Designing your Cluster Backup/Restore Process

You must have a reliable, tested process for backing up your Nexus Repository Manager deployment.

This section will cover what you need to create a backup and restore process appropriate for your High Availability deployment.

High-level Overview

An appropriate backup process for Nexus Repository Manager needs to capture state from two separate, but interdependent parts of your deployment:

  • the contents of each blob store
  • a copy of the local storage for each node (i.e. the $data-dir directory, including the OrientDB databases within)

In the worst case scenario, a Nexus Repository Manager High Availability environment can be recreated minimally from:

  • the contents of each blob store
  • a complete set of OrientDB database exports from one of the nodes participating in the cluster

Backing up Shared File Systems for your Blob Store(s)

Nexus Repository Manager requires that you choose and execute a separate backup process appropriate for the file systems under your blob store(s).

Generic NFS

Tools that back up the file system under the blob store can be safely executed while Nexus Repository Manager is running.

NFS over Amazon Elastic File System (EFS)

If you are using file backed blob stores on top of Amazon Elastic File System, you will need to review Amazon's documentation specific to backing up EFS.

Amazon Simple Storage Service (S3)

The backup process for your S3 backed blob stores will involve creating a separate S3 "bucket" and periodically synchronizing the content from the source bucket under your blob store(s).

The AWS Command Line Interface (CLI) provides an s3 sync command that you can invoke periodically to perform this:

There are also a number of third party tools that can perform this task.

Backing up local storage for your Nodes

Each node in your Nexus Repository Manager High Availability cluster has its own separate $data-dir directory. The $data-dir/db directory within contains OrientDB databases and requires special treatment.

The db directory cannot be backed up by basic file system backup tools while Nexus Repository Manager is running. Create an Admin - Export databases for backup task as described in the Backup and Restore section for each of your High Availability nodes. You can schedule these tasks to run concurrently.

  • All nodes in your Nexus Repository Manager cluster will automatically enter Read-Only mode when the Admin - Export databases for backup task is running on any of the nodes
  • The folder specified in the Admin - Export databases for backup task for a node must be available and writable by the user running Nexus Repository Manager on the node
  • The Admin - Export databases for backup task produces a set of files each time it is run that must be protected. Be sure to use a file system backup tool to store these files separately

For the rest of the content within the $data-dir directory, traditional file system backup tools will suffice. It is safe to skip backing up the following directories within $data-dir:

  • backup
  • cache
  • db (backed up via the Admin - Export databases for backup task)
  • elasticsearch (generated via the Repair - Rebuild respository search task)
  • logs (see the Operating your cluster section for preserving logs)
  • tmp

We recommend you execute backup of your local storage at the same starting time as your blob store file system backup.

Restoring from backup

If you determine you need to restore your Nexus Repository Manager deployment from backup, you must first focus only on starting one node and stabilizing it before you add new nodes to the High Availability cluster.

Start this process by ensuring all Nexus Repository Manager nodes in your cluster are offline.

Assuming all nodes in your cluster are offline:

  1. Identify the host that will be the first node of your restored deployment. Locate the Orient DB exports from that node and identify the date and time they were taken. Use this same (or as close to) date and time when restoring the blob store file systems.
  2. Restore the blob store file systems and host connectivity. Be sure to restore the blob store file system to the exact same absolute file system path used previously; don't try to restore to a different file system path.
  3. Restore the local storage ($data-dir) for the node.
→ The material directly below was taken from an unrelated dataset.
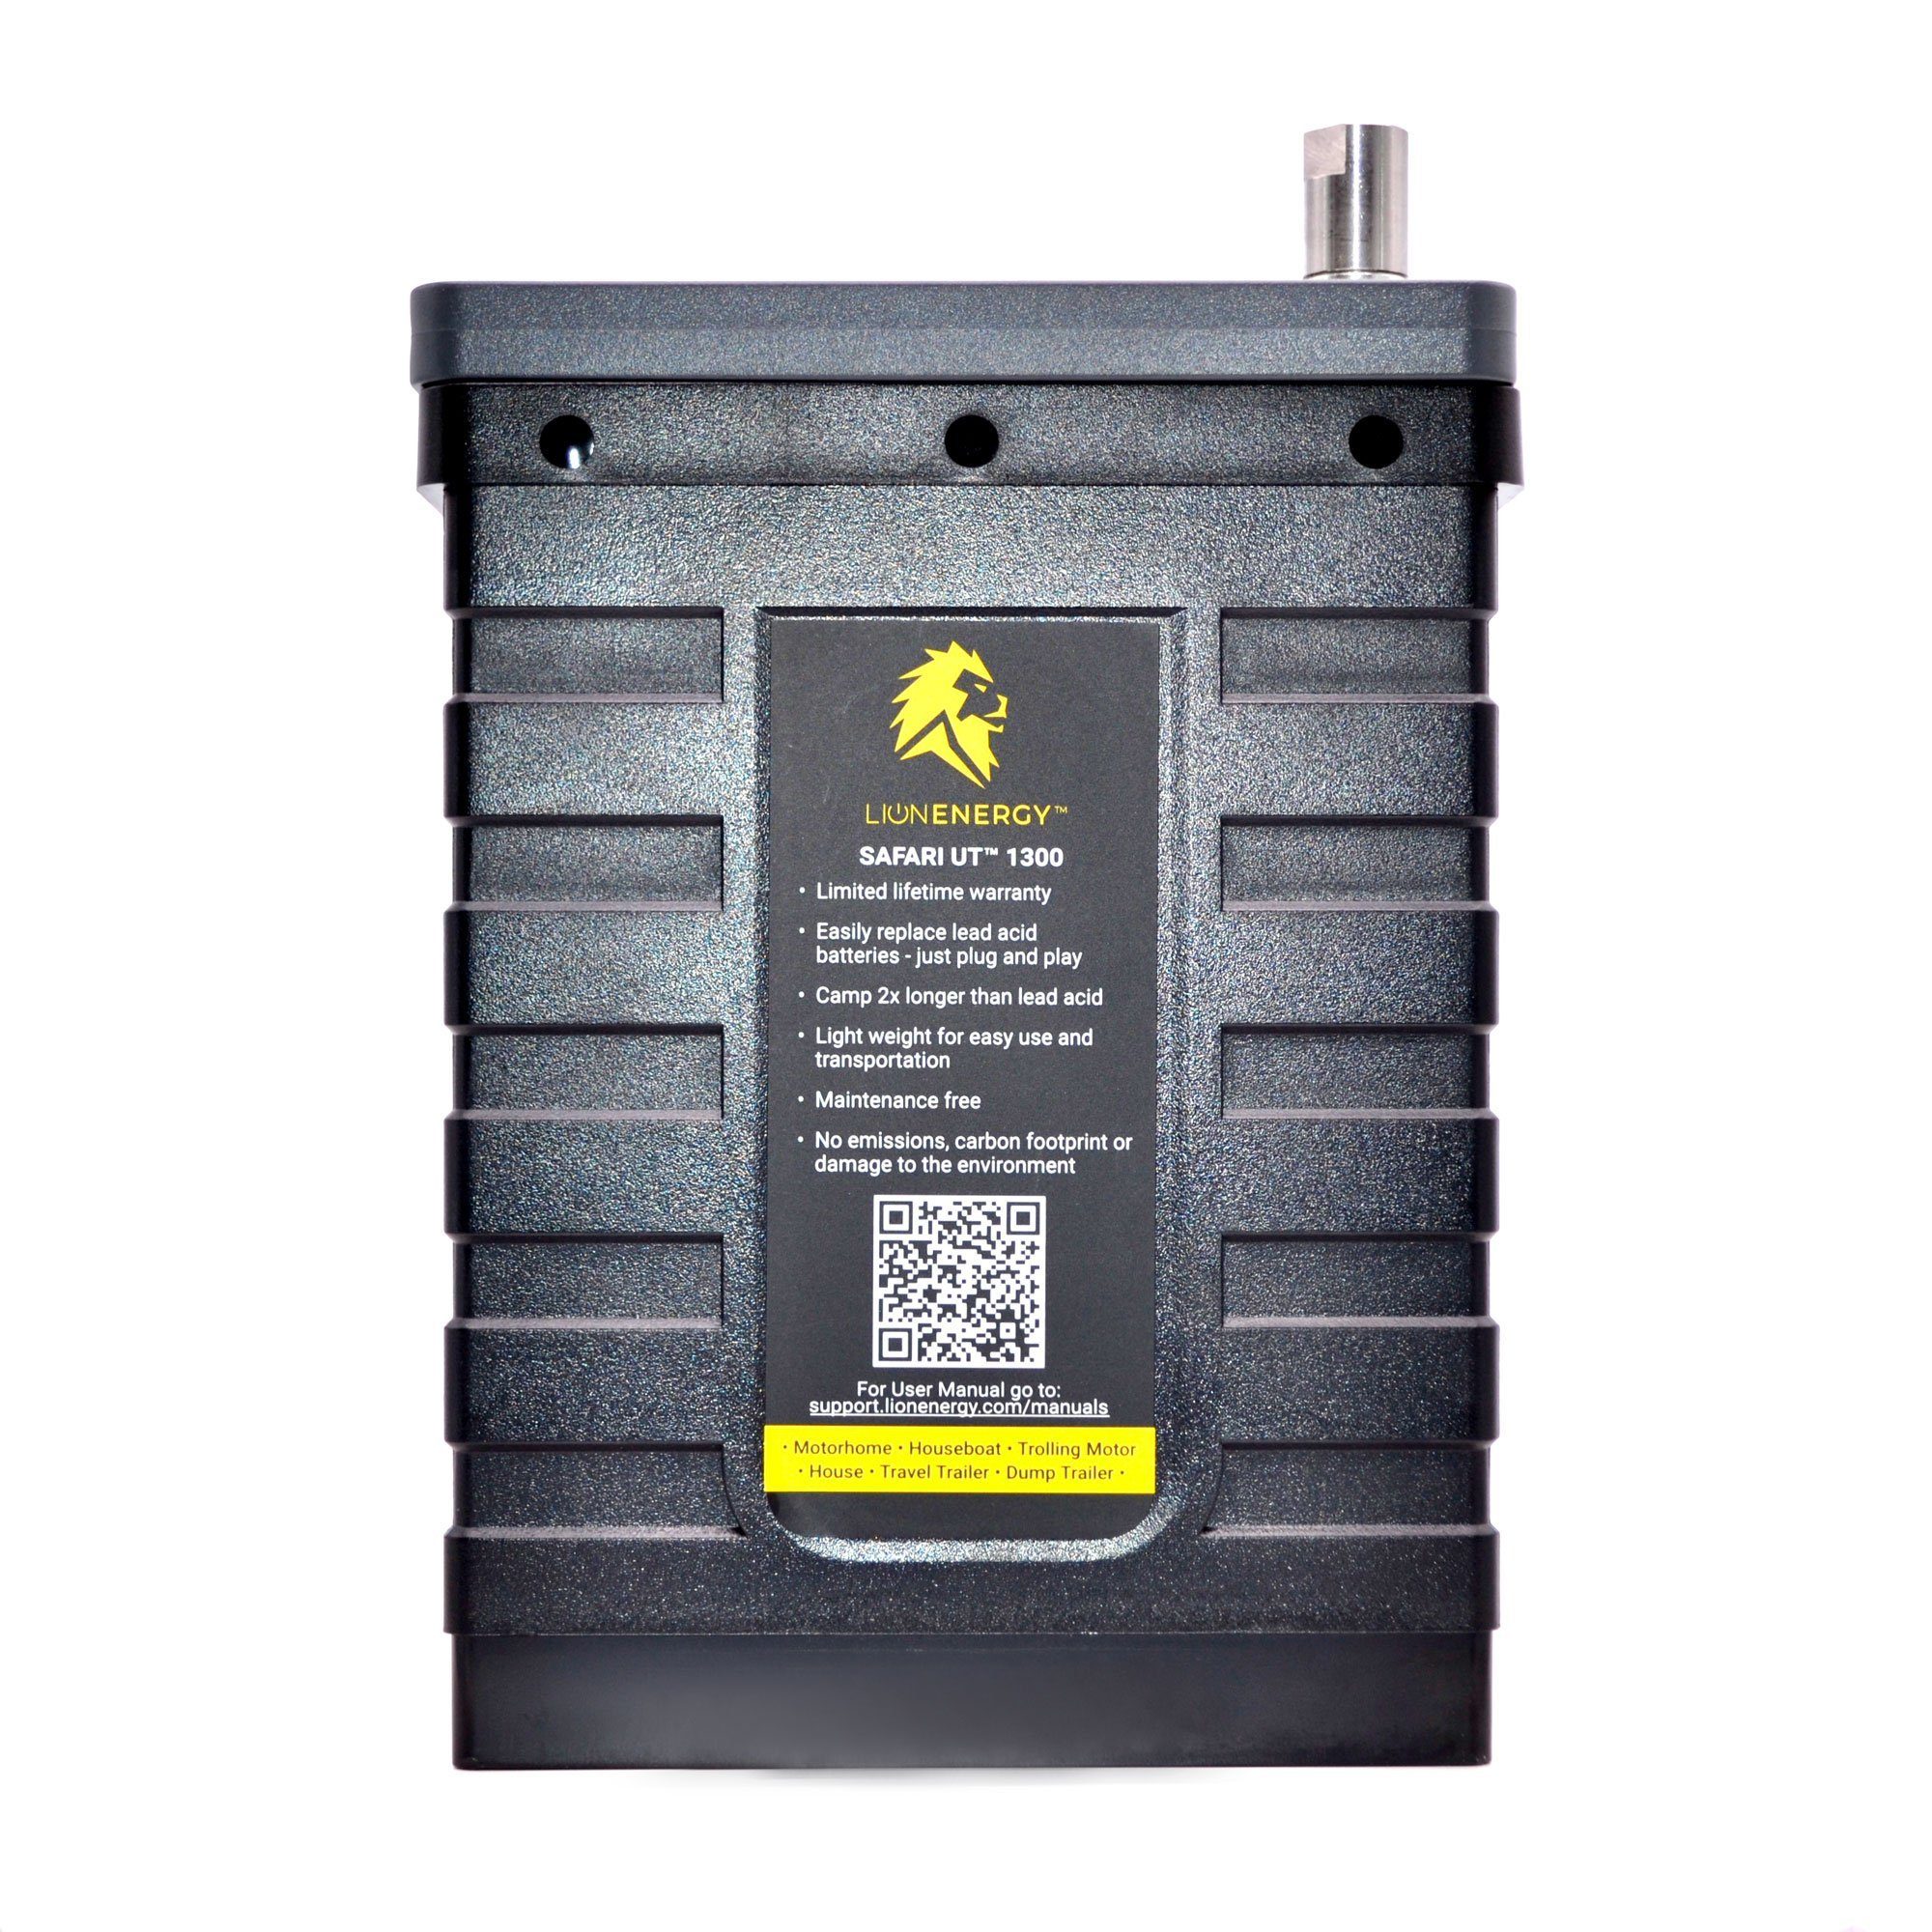 Lion Energy Safari UT 1300 150A Battery

Again, preserve the same absolute file system paths used previously.
  4. Remove the following directories from $data-dir/db
    • accesslog
    • audit
    • component
    • config
    • security
  5. Copy the complete set of OrientDB exports from that node to $data-dir/restore-from-backup for restoration (Note: For version 3.10.0 or earlier use $data-dir/backup as the restore location).

  6. Start Nexus Repository Manager on only this node.

Confirm that your instance is in a stable state before proceeding:

  • Inspect configuration and confirm it matches expectations
  • Attempt to retrieve and/or publish new components

Once the first node is online and stable, it is safe to proceed in bringing additional nodes back into your cluster. Focus on adding only one node at a time to the cluster. On each of the additional nodes, delete the following folders from within $data-dir/db prior to starting Nexus Repository Manager

  • accesslog
  • audit
  • component
  • config
  • security

The OrientDB databases removed from the additional node will automatically be rebuilt from the instances already running in the High Availability cluster.